From: Vicente J. Botet Escriba (vicente.botet_at_[hidden])
Date: 2013-01-04 04:46:58
Le 04/01/13 08:51, Marcus Tomlinson a écrit :
>>> * You use a bus of input/output untyped signals. Why the signals are not
>>> typed?
> 1. Flexibility - inputs and outputs can dynamically accept changing signal types. E.g. Varying sample size in an audio stream.
I don't know why this couldn't be modeled with a vector signal
containing the samples. Maybe you have other examples needing untyped
iunterfaces.
>
> 2. Less coding, more expandability - the component designer need not specify the types required at each input / output when configuring IO, only how many. Consider the situation where you would like to update a component to accept int instead of bool for one of its inputs. This would (in your implementation) require you to edit multiple sections of code. With DSPatch, you need only edit / add to the process method.
Well, my example is just a draft that can be polished. In particular the
library could provide a macro that generates all this stuff from a free
function.
bool And(bool a, bool b) { return a && b);
DSP_GENERATE_COMPONENT(And, DspAnd);
>
> 3. Allow for generic virtual base process method (explained below).
>
>>> * Why do you need that the process function be virtual?

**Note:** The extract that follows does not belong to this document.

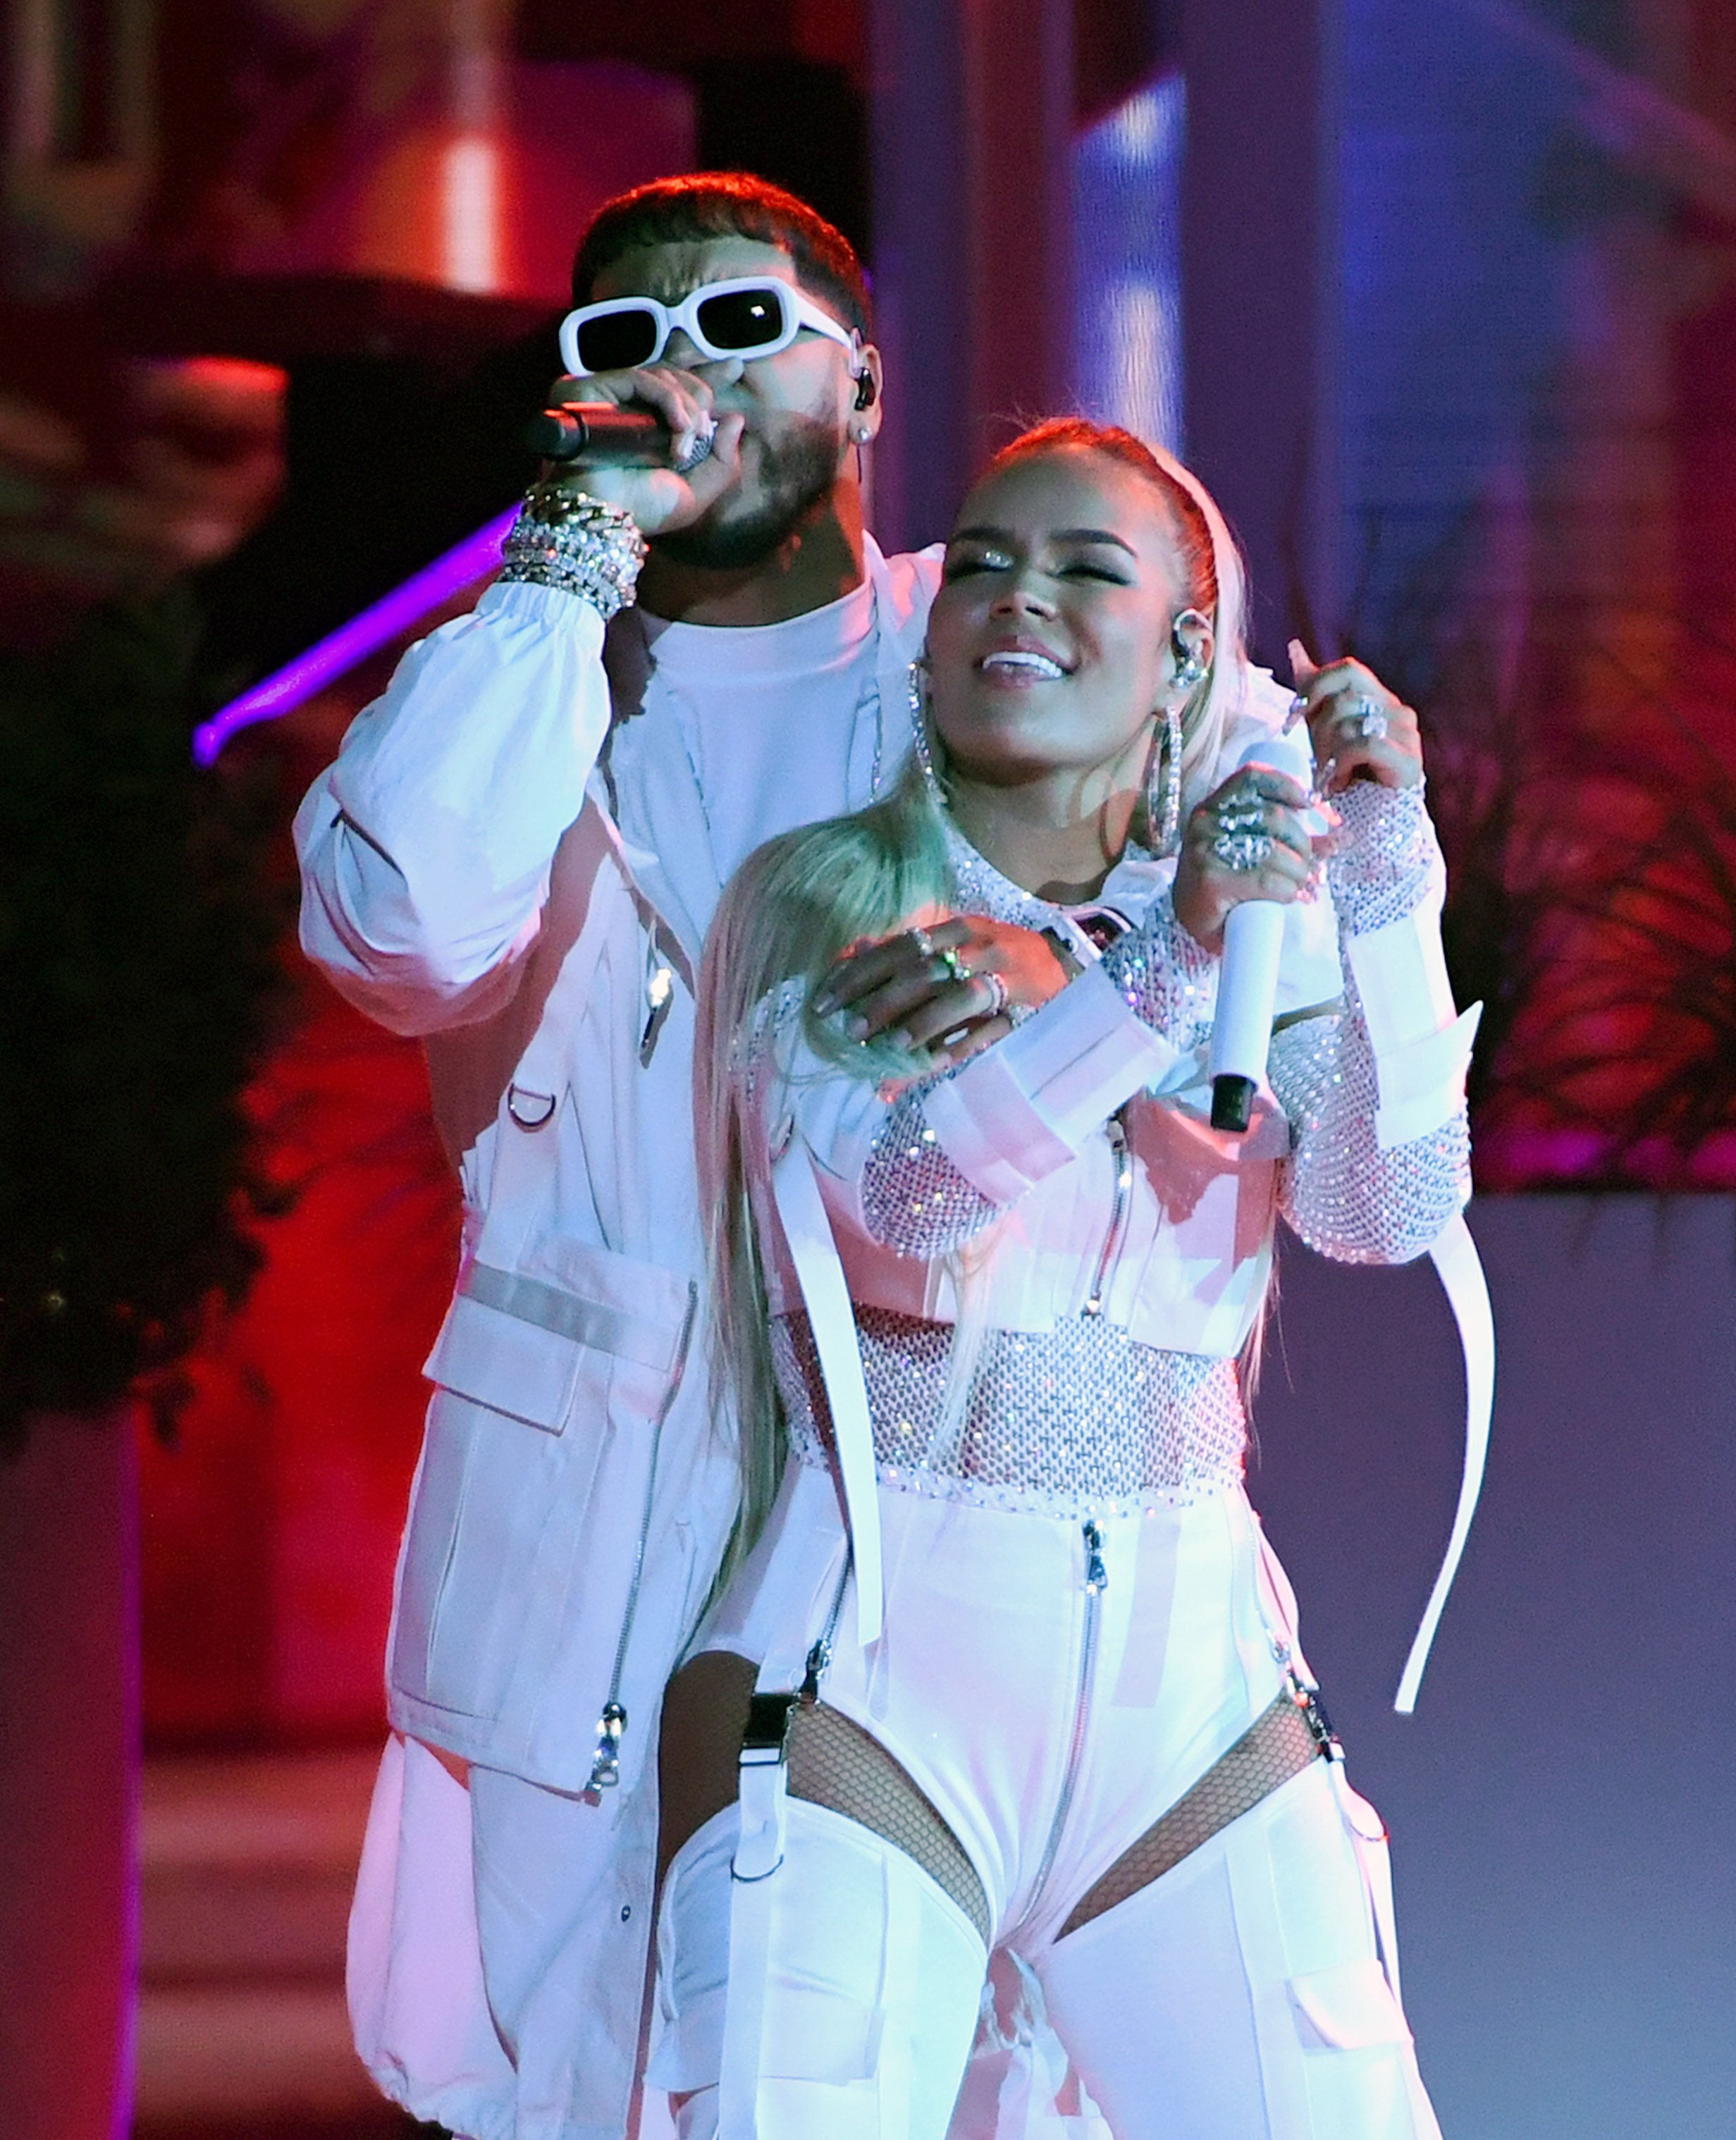 Anuel AA and Karol G perform during the 2019 Billboard Latin Music Awards at the Mandalay Bay Events Center, 2019 in Las Vegas, Nevada. | Photo: Getty Images

> This is due to the way the circuit works in DSPatch. When a component is required to process, the circuit needs a way of triggering it without having to know anything about the specifics (input / output count, types etc.) of that particular component. A generic inherited virtual method guarantees this kind of catch-all interface.
Ok I think I understand the need.
>
>>> // 1. Derive component class from DspComponent
>>> // ===========================================
>>> class DspAnd : public DspComponent<DspAnd, InPort<bool>,InPort<bool>,
>>> OutPort<bool>>
>>> {
>>> typedef DspComponent<DspAnd, InPort<bool>,InPort<bool>, OutPort<bool>>
>>> base_type;
>>> public:
>>> // 2. Configure component IO buses
>>> // ===============================
>>> DspAnd(DspComponentBase& parent, Signal<bool>& x, Signal<bool>& y,
>>> Signal<bool>& o)
>>> : base_type(parent, x, y, o)
>>> {
>>> }
> These requirements for component construction are quite overwhelming. There is a lot to remember (and type) every time you need to create / edit a component. Besides, as mentioned before, flexibility is paramount with DSPatch. This kind of static IO configuration goes against DSPatch's design (more on this later).
See the macro approach.
>
>>> protected:
>>> // 3. Implement a non-virtual operator() method
>>> // ======================================
>>> bool operator()(bool x, bool y)
>>> {
>>> return x && y;
>>> }
>>> };
> Having to keep track of every component input and output (count, types, etc) in multiple places (constructor, operator(), and in external use) seems overly complex and difficult to expand on / maintain. And again, static IO configuration is quite limiting.
See the macro approach.
>
>>> void main()
>>> {
>>> // 1. Create a DspCircuit where we can route our components
>>> // ========================================================
>>> DspCircuit circuit;
>>> // 2. Create the internal signals
>>> DspSignal<bool> i1, i2, o;
>>> // ========================================================
>>> // 3. Create instances of the components needed for our circuit and
>>> connect the signals and the ports
>>> // ============================================================
>>> DspRandBool randBoolGen1(circuit, i1);
>>> DspRandBool randBoolGen2(circuit, i2);
>>> DspAnd logicAnd(circuit, i1,i2,o);
>>> DspPrintBool boolPrinter(circuit, o);
> Firstly, I like how the signals are referenced externally and are common between all components. This is something I need to improve on in the circuit class. ATM there is a fair amount of data copying going on.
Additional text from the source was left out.